I have recently acquired two F300 cones. One was the reversed battery case which was solved with the help of the board. They both need new glass which I have sourced from Britain(where else) Do I need a specialist to replace the glass or is this something any competent watchmaker should be able to do? There are only two gentlment who specialize in these watches here in the USA and I am uncomfortable sending them to Britain (where I know the quality of a certain board members work) If I could be assured that customs would not be a problem I would send them cross the pond. I really would feel better about sourcing the work here. Any advice would be appriciated. Also any comments about the quality of the glasses (on the bay) not an omega item but advertised to fit the watch. Thanks and kindest regards as usual


----------



## martinus_scriblerus (Sep 29, 2008)

johndozier said:


> I have recently acquired two F300 cones. One was the reversed battery case which was solved with the help of the board. They both need new glass which I have sourced from Britain(where else) Do I need a specialist to replace the glass or is this something any competent watchmaker should be able to do? There are only two gentlment who specialize in these watches here in the USA and I am uncomfortable sending them to Britain (where I know the quality of a certain board members work) If I could be assured that customs would not be a problem I would send them cross the pond. I really would feel better about sourcing the work here. Any advice would be appriciated. Also any comments about the quality of the glasses (on the bay) not an omega item but advertised to fit the watch. Thanks and kindest regards as usual


Save yourself a lot of hassle and have the work done in the USA. A competent watchmaker can easily handle this.


----------



## johndozier (Mar 2, 2008)

Thanks for the response. The supplier is Timebymail. Anyone familiar with them? The reason I am sourcing from them is that it is a thick 2.5mm glass and Ofrei (our Omega supplier) does not list it. Any other sources would be appreciated.
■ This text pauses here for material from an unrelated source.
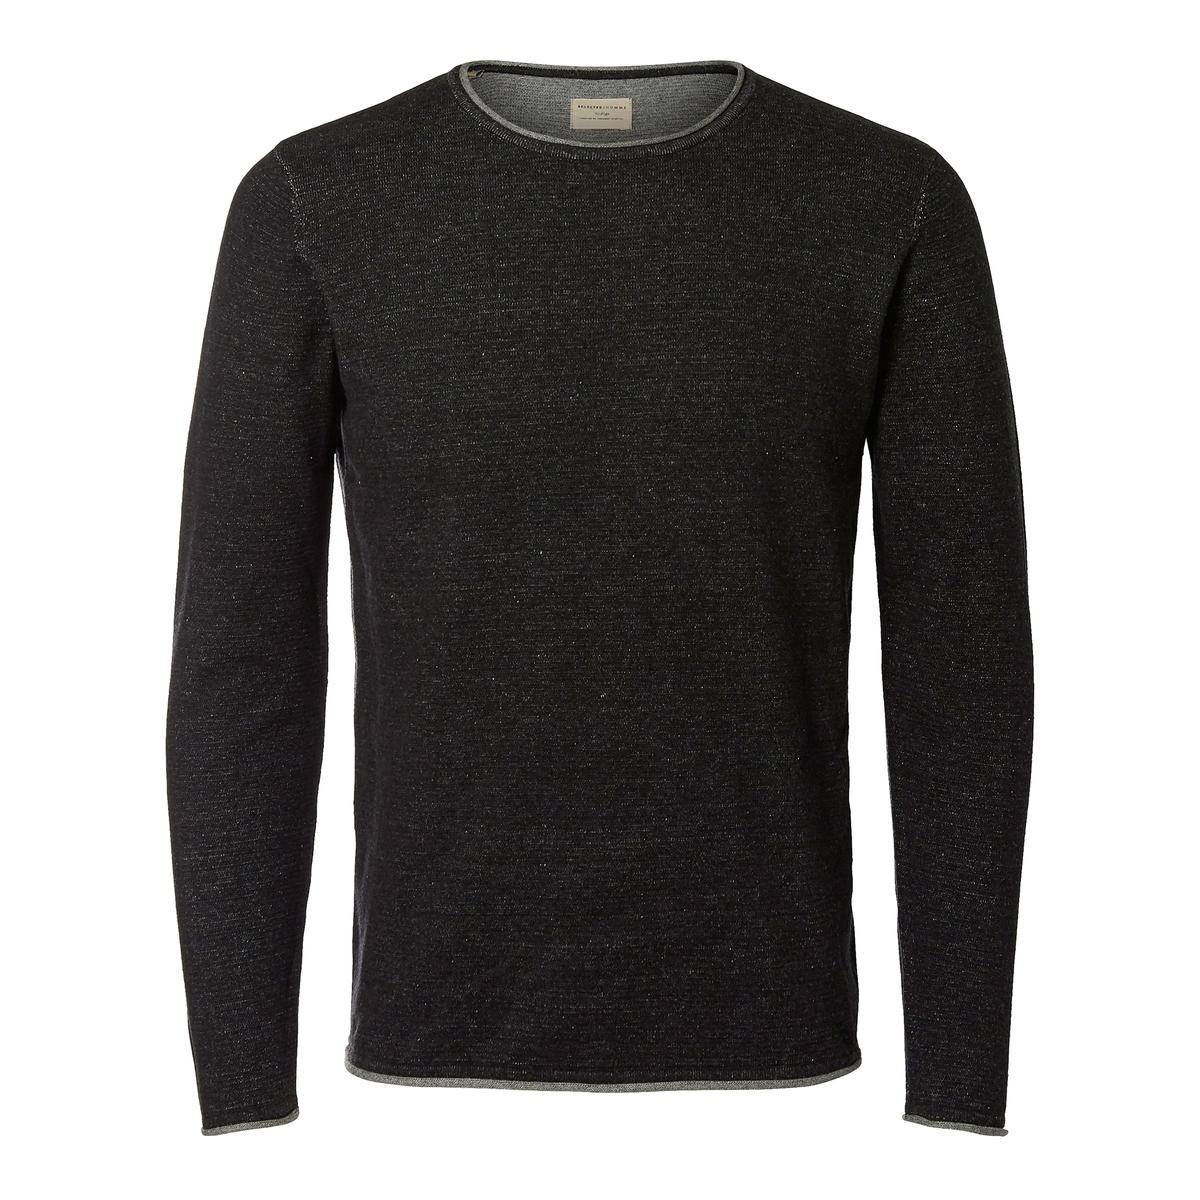 Пуловер  KLOP из хлопка меланж

Thanks


----------



## silverflyer (Feb 9, 2009)

johndozier said:


> Thanks for the response. The supplier is Timebymail. Anyone familiar with them? The reason I am sourcing from them is that it is a thick 2.5mm glass and Ofrei (our Omega supplier) does not list it. Any other sources would be appreciated. Thanks


Hi johndozier,

I just bought two from Timebymail and fitted them myself without any problems , very good service, prompt delivery etc. I also required new seals for these and was able to get them from cousinsuk.com.

Regards

Bruce.


----------



## johndozier (Mar 2, 2008)

Thanks all. Good to know its a quality product. Cousina also has complete tech bulletins on Omegas incduding 1250. Ofrie has gaskets and many other parts but their prices are sky hight. $9 for a gasket. Regards and thanks again.


----------



## ketiljo (Apr 22, 2009)

johndozier said:


> Thanks all. Good to know its a quality product. Cousina also has complete tech bulletins on Omegas incduding 1250. Ofrie has gaskets and many other parts but their prices are sky hight. $9 for a gasket. Regards and thanks again.


I second that. Fits well. I didn't replace the crystal gasket as it seemed to be ok.


----------